(WHAT NEEDS TO BE DONE):
Your job is to retype all of the data word for word, leaving every image out.

(SUPPLIED INFORMATION):
****************

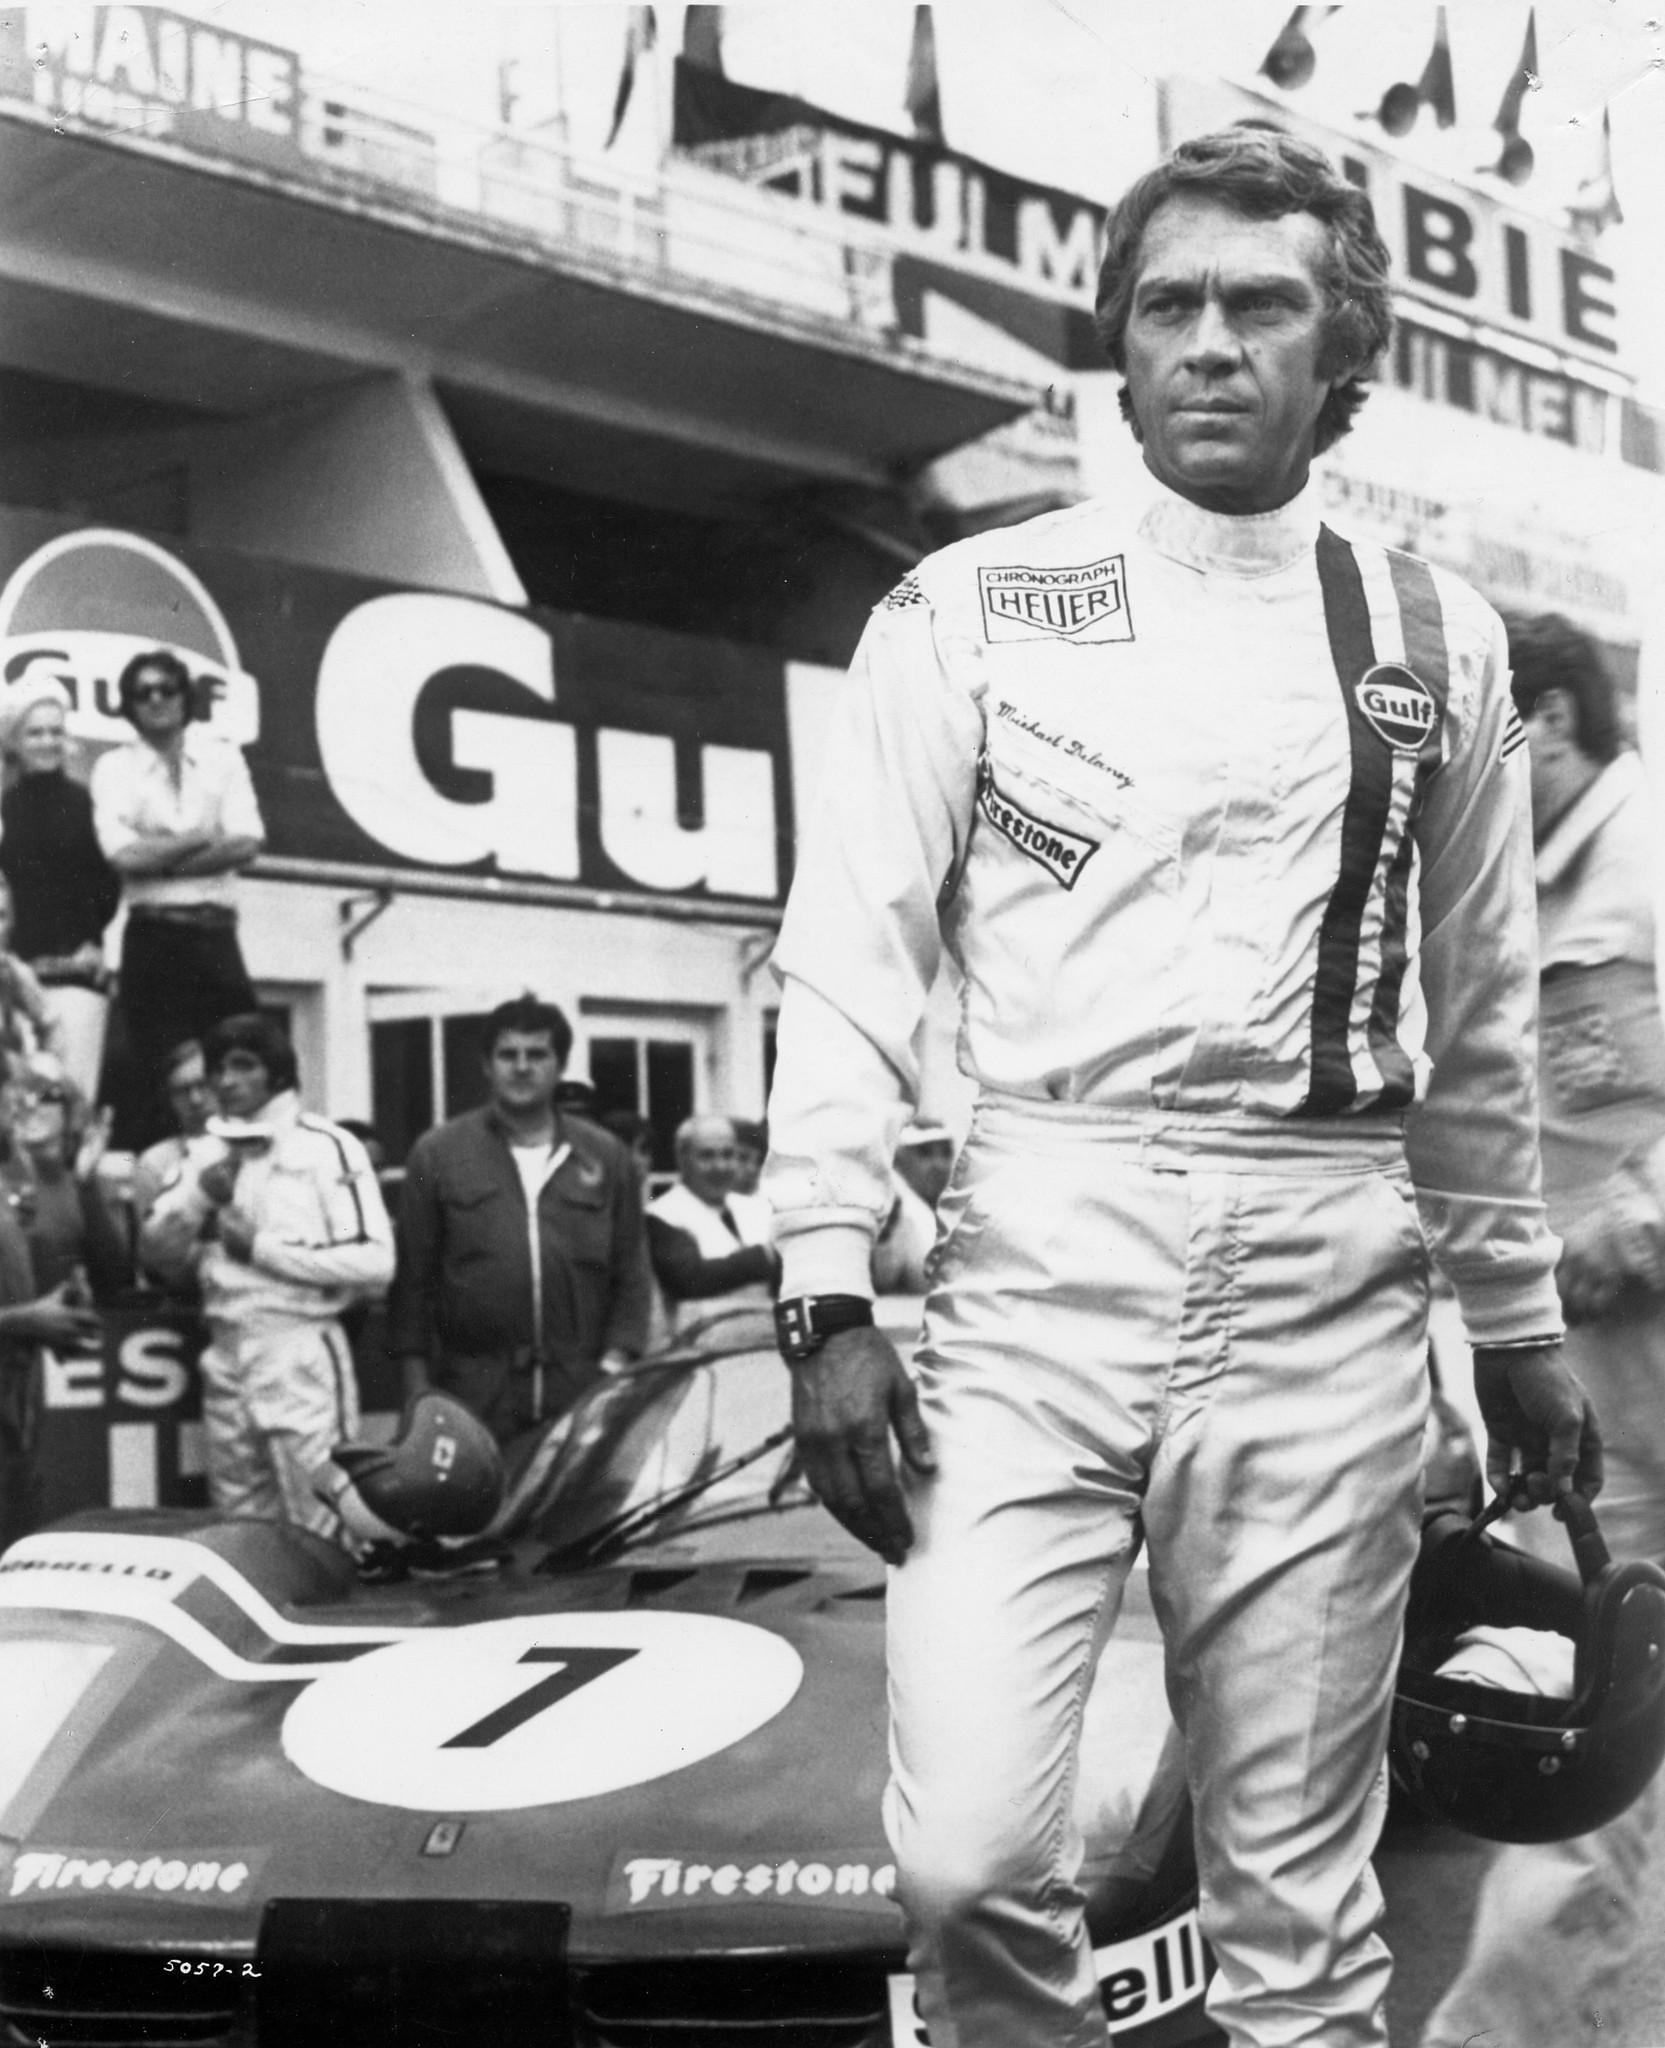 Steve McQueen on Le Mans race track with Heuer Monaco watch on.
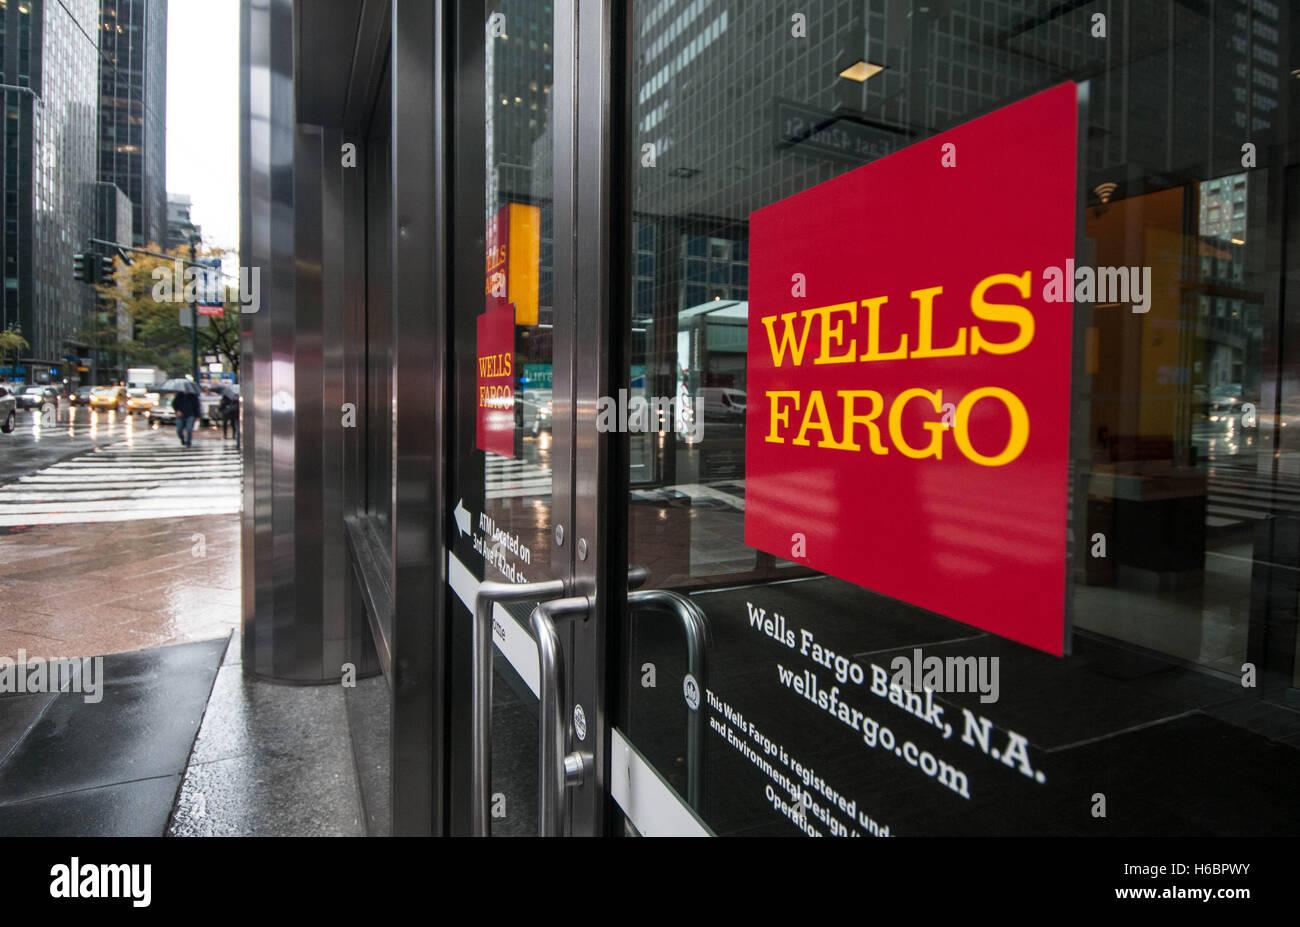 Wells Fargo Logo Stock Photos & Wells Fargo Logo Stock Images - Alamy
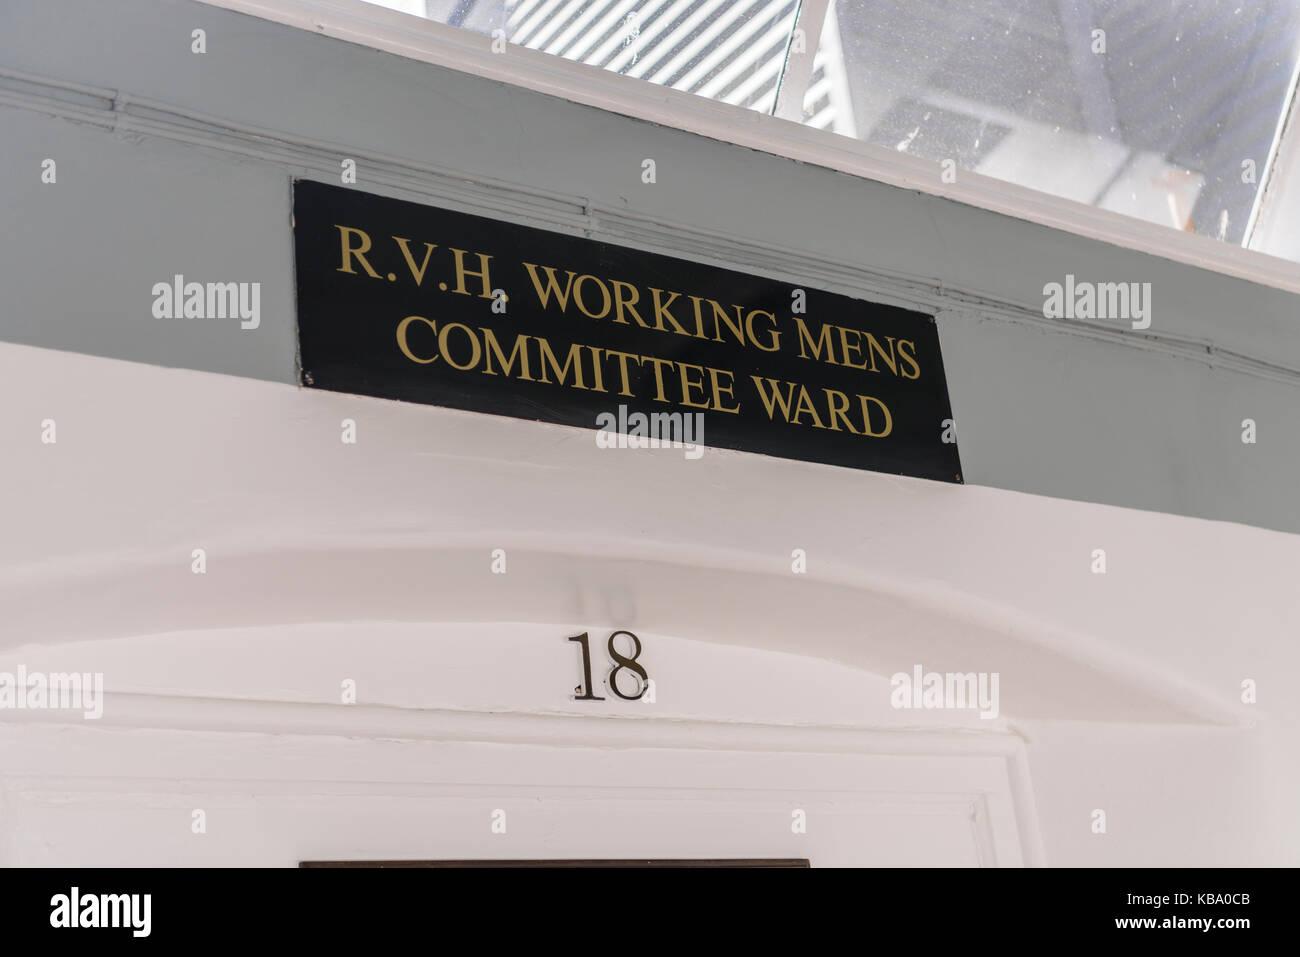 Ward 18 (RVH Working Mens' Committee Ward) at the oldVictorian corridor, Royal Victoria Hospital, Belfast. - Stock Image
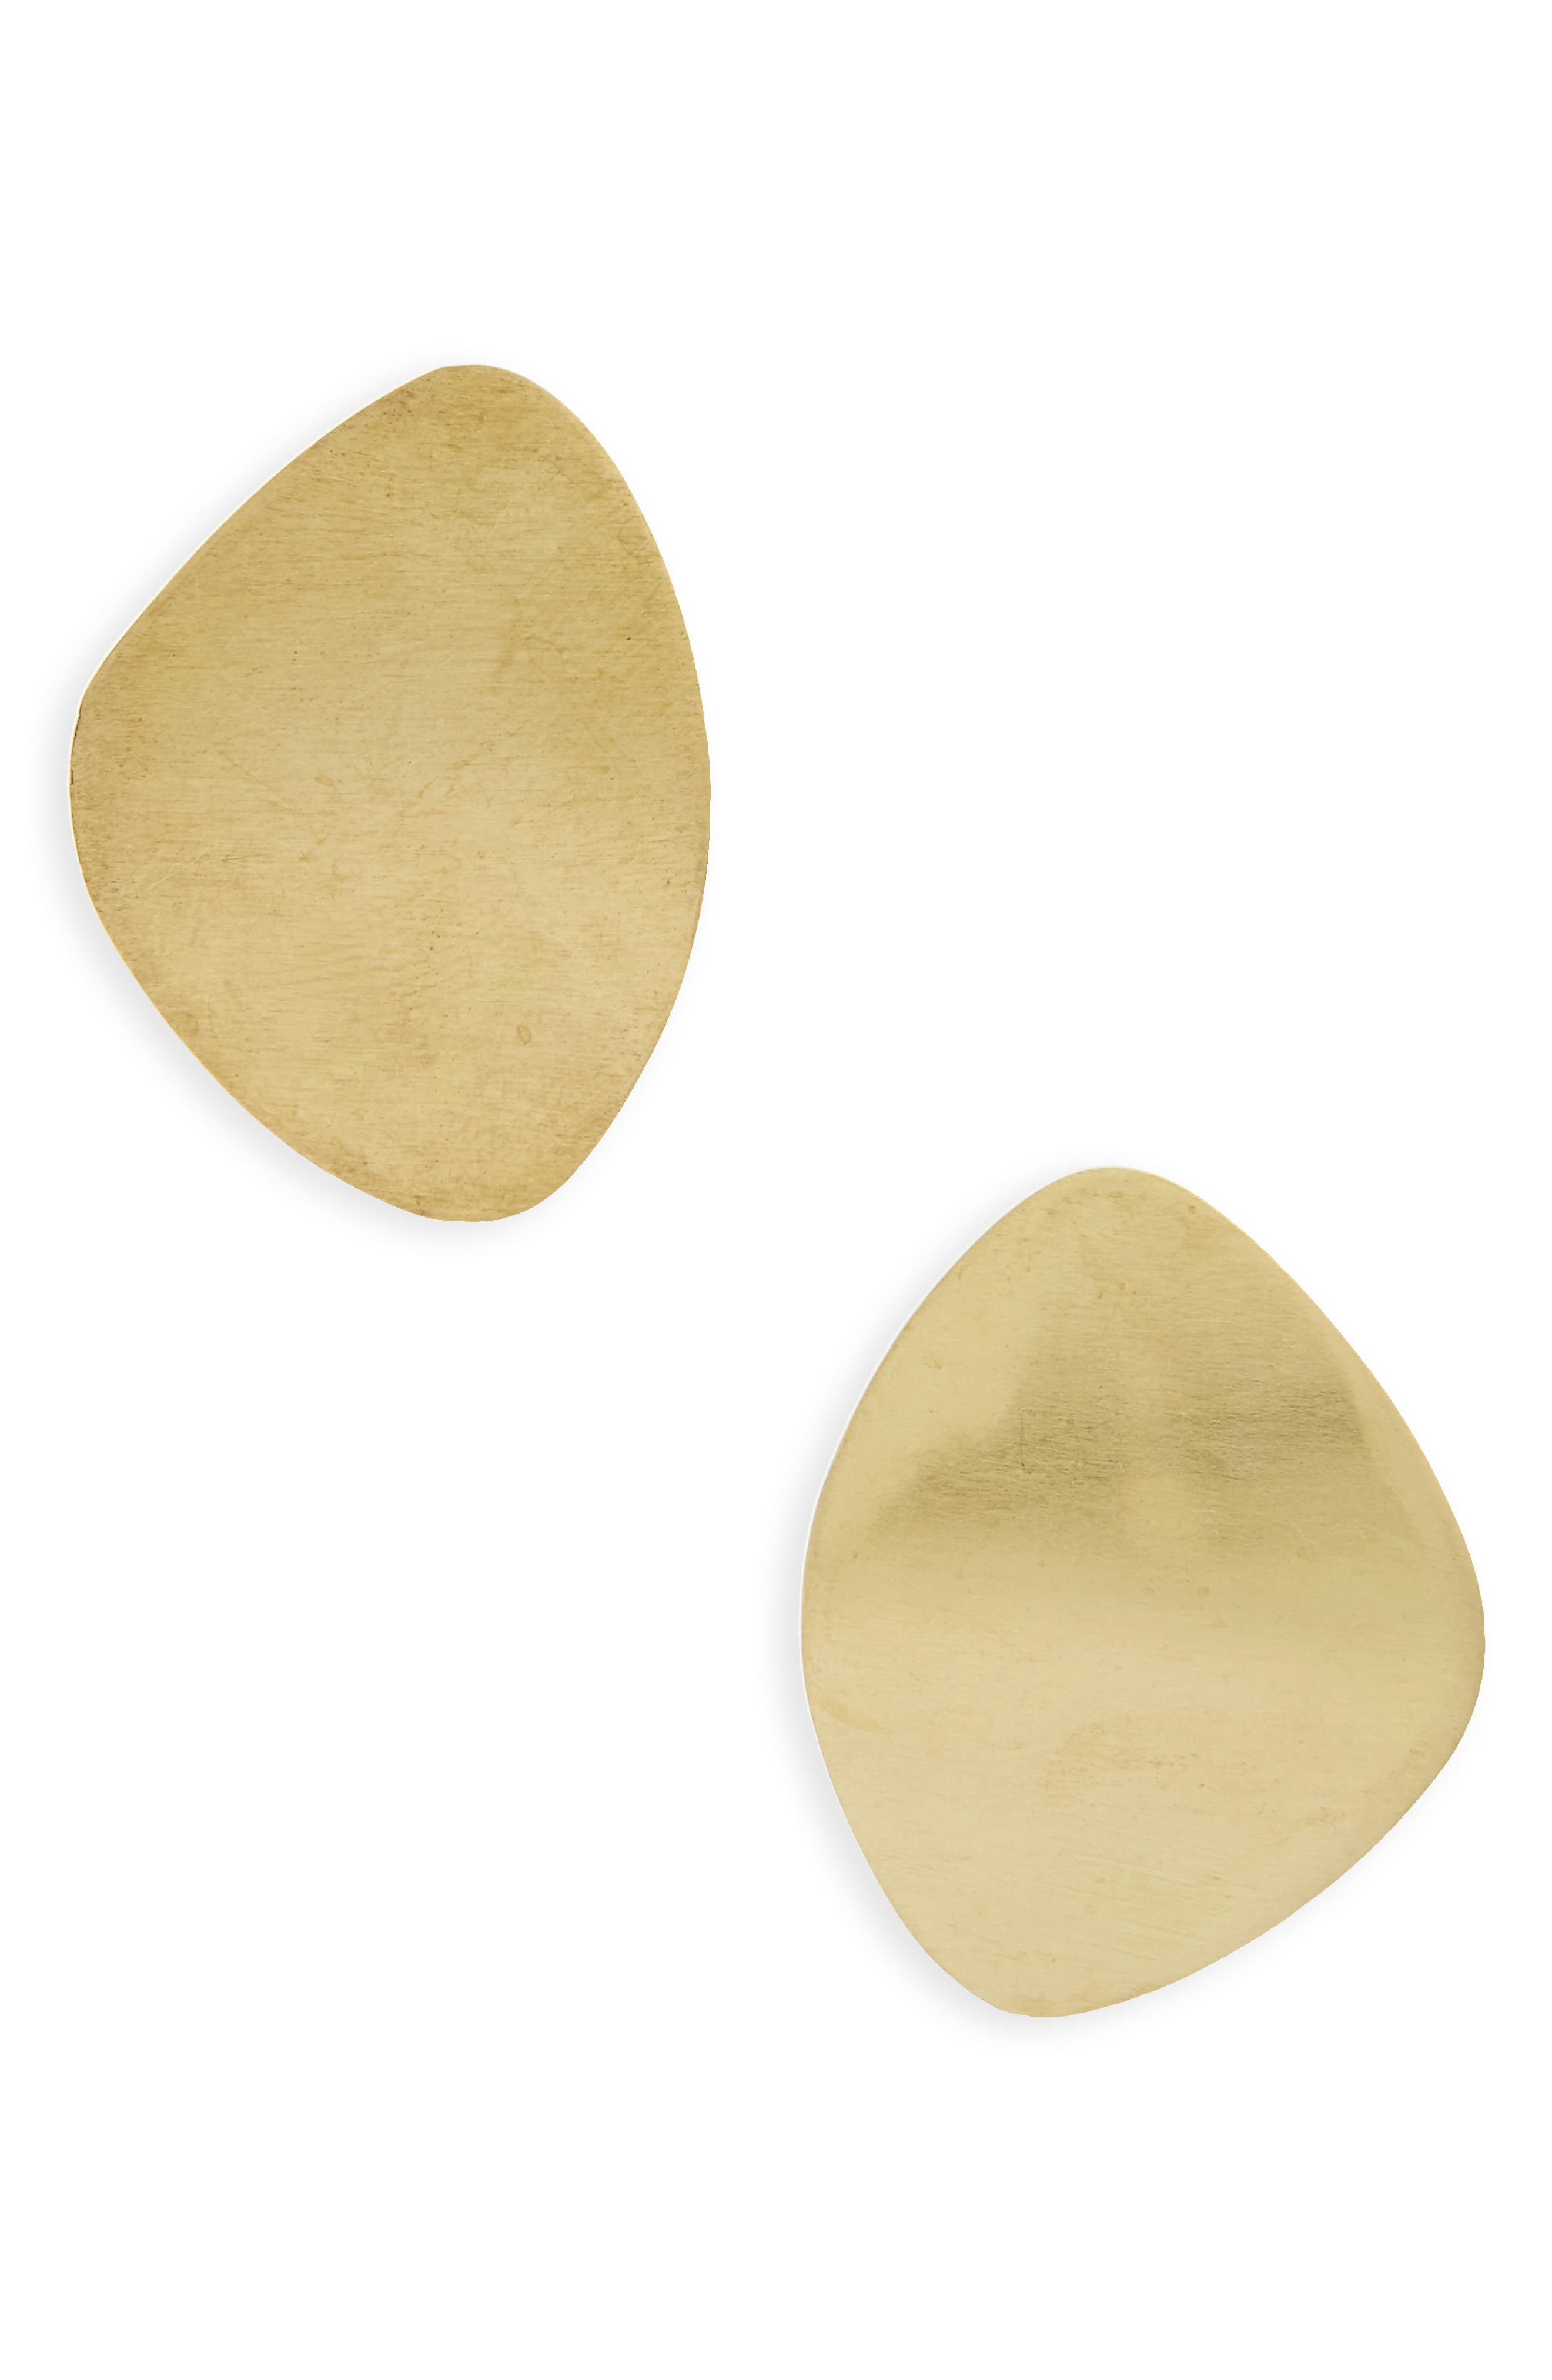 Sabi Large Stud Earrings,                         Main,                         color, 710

****************

(RESPONSE):
 Steve McQueen on Le Mans race track with Heuer Monaco watch on.
 Wells Fargo Logo Stock Photos & Wells Fargo Logo Stock Images - Alamy
 Ward 18 (RVH Working Mens' Committee Ward) at the oldVictorian corridor, Royal Victoria Hospital, Belfast. - Stock Image
 Sabi Large Stud Earrings,                         Main,                         color, 710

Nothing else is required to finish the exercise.